- **INSTRUCTIONS TO FOLLOW**
Extract the stretch of lines that starts at the line with "Haloperidol Tablets, USP 10mg" and ends at the last line of the data below. Give it exactly, without pictures.

- **MATERIAL PROVIDED**
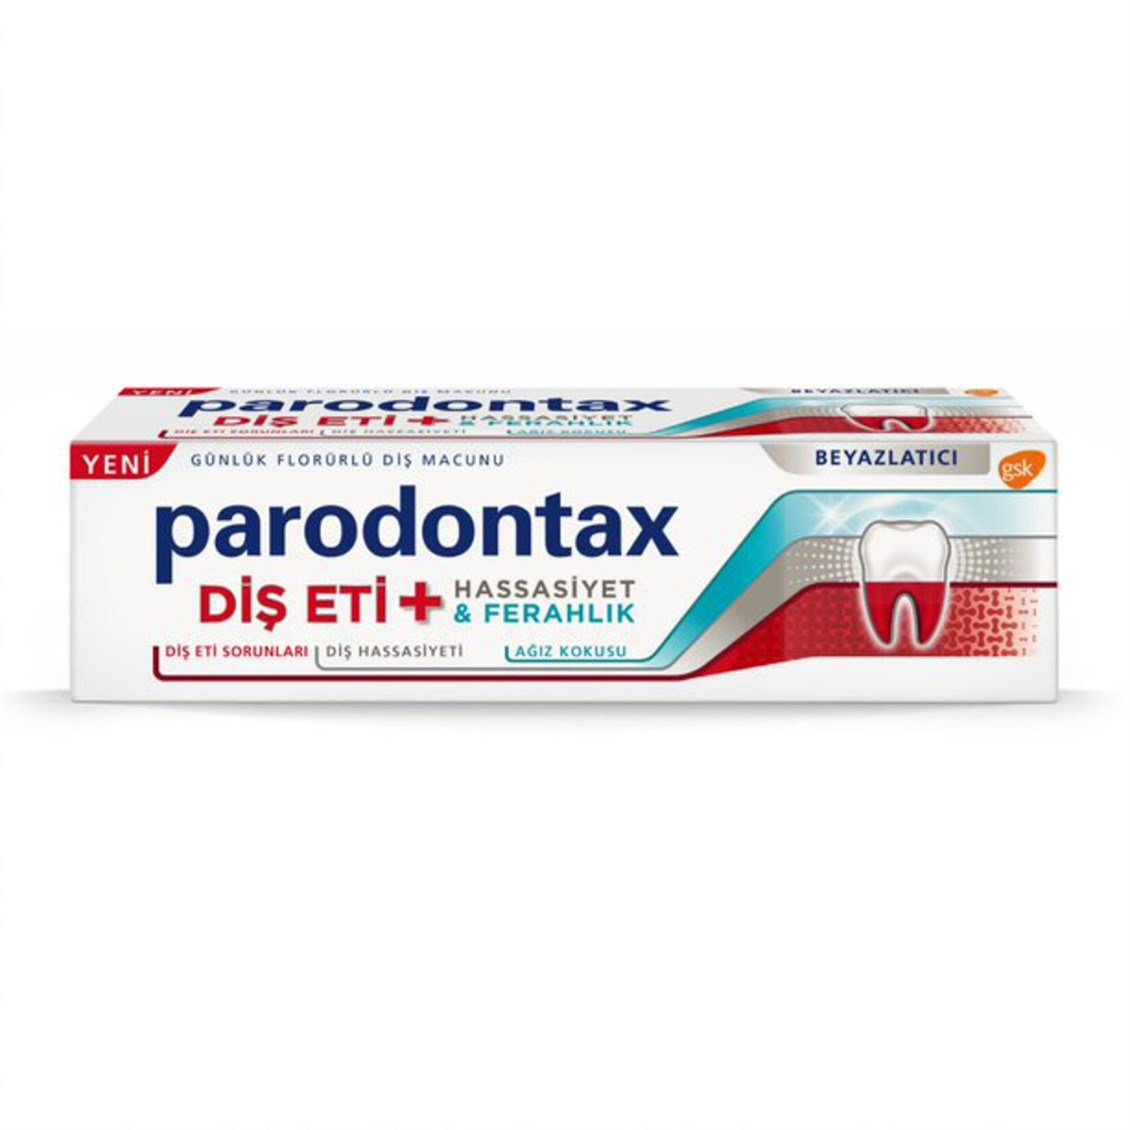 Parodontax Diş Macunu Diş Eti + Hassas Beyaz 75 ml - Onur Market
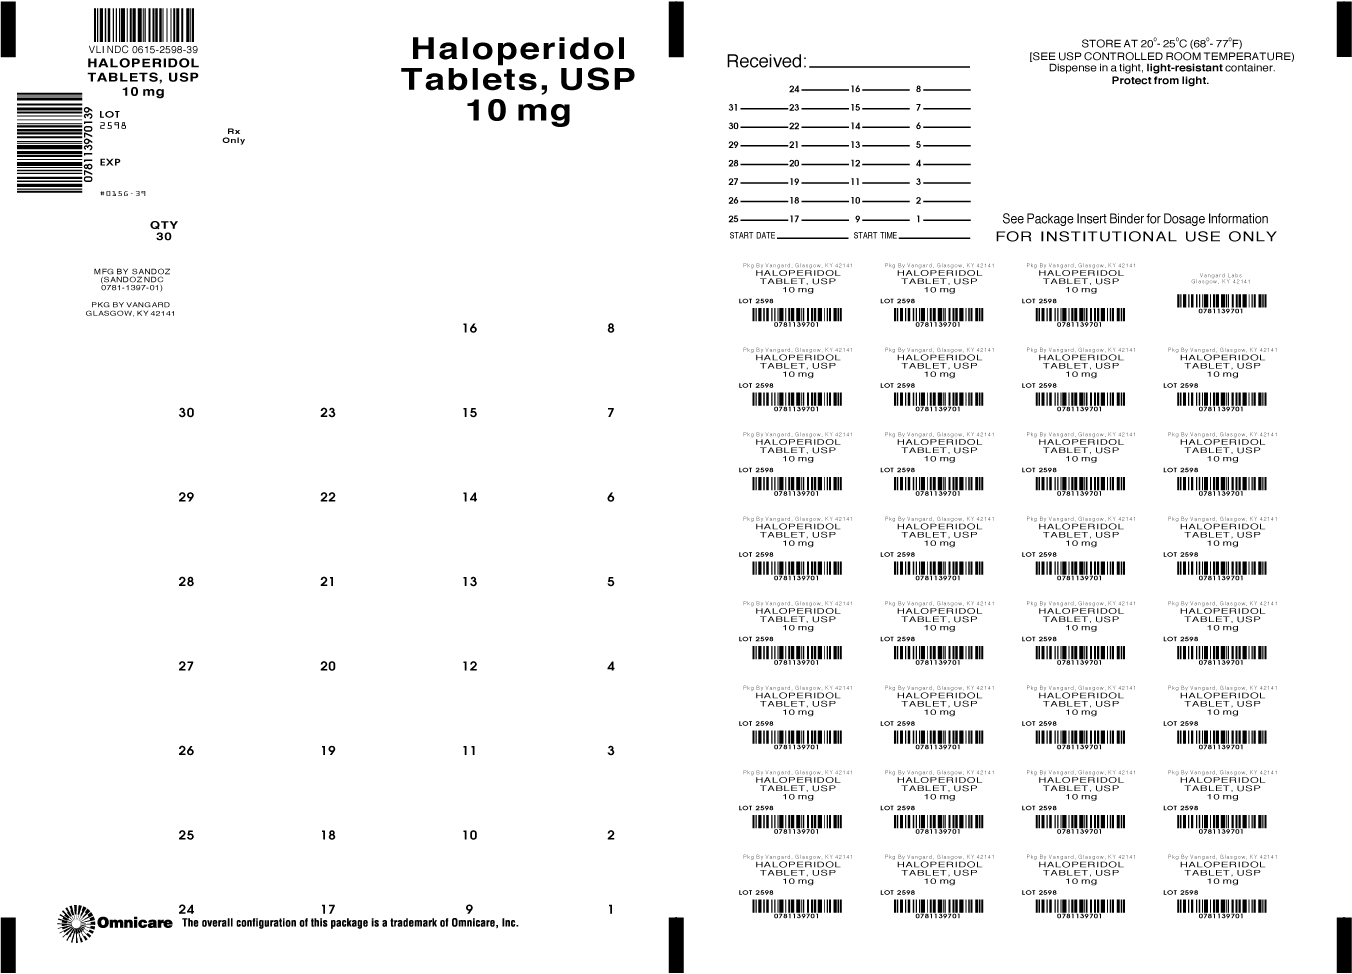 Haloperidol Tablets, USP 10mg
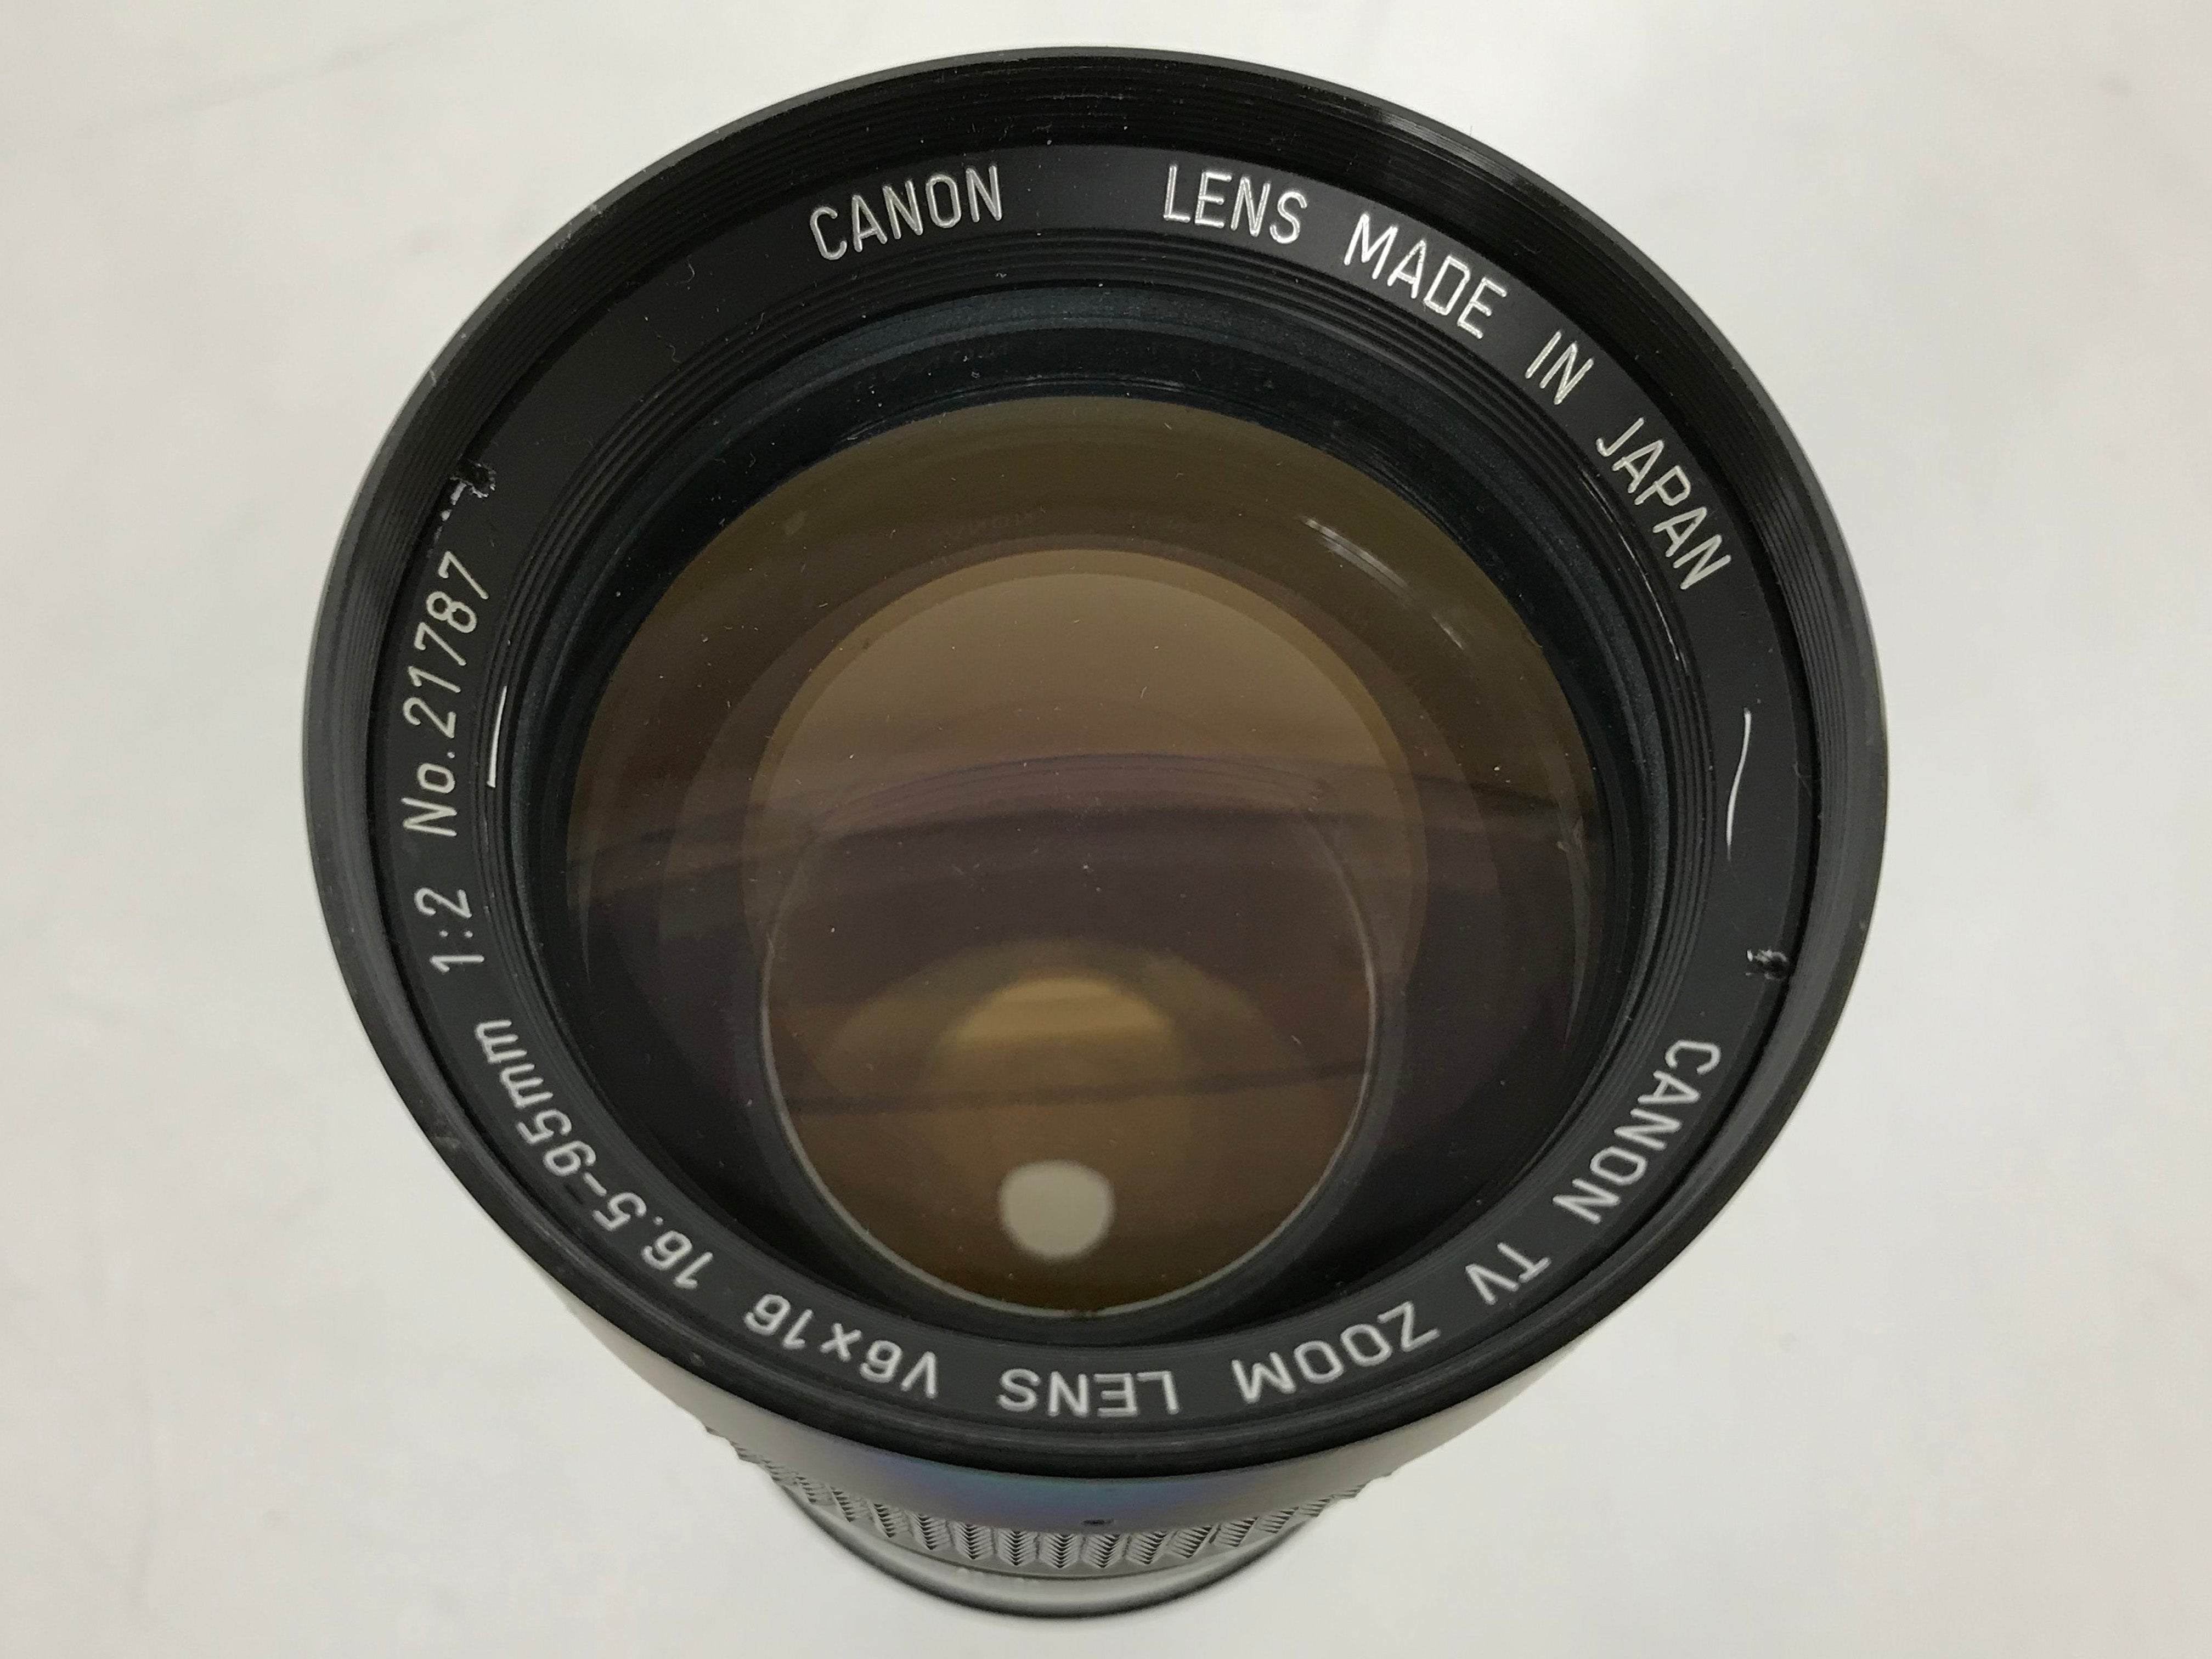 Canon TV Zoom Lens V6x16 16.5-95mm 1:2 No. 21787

- **TASK RESPONSE**
 Haloperidol Tablets, USP 10mg
 Canon TV Zoom Lens V6x16 16.5-95mm 1:2 No. 21787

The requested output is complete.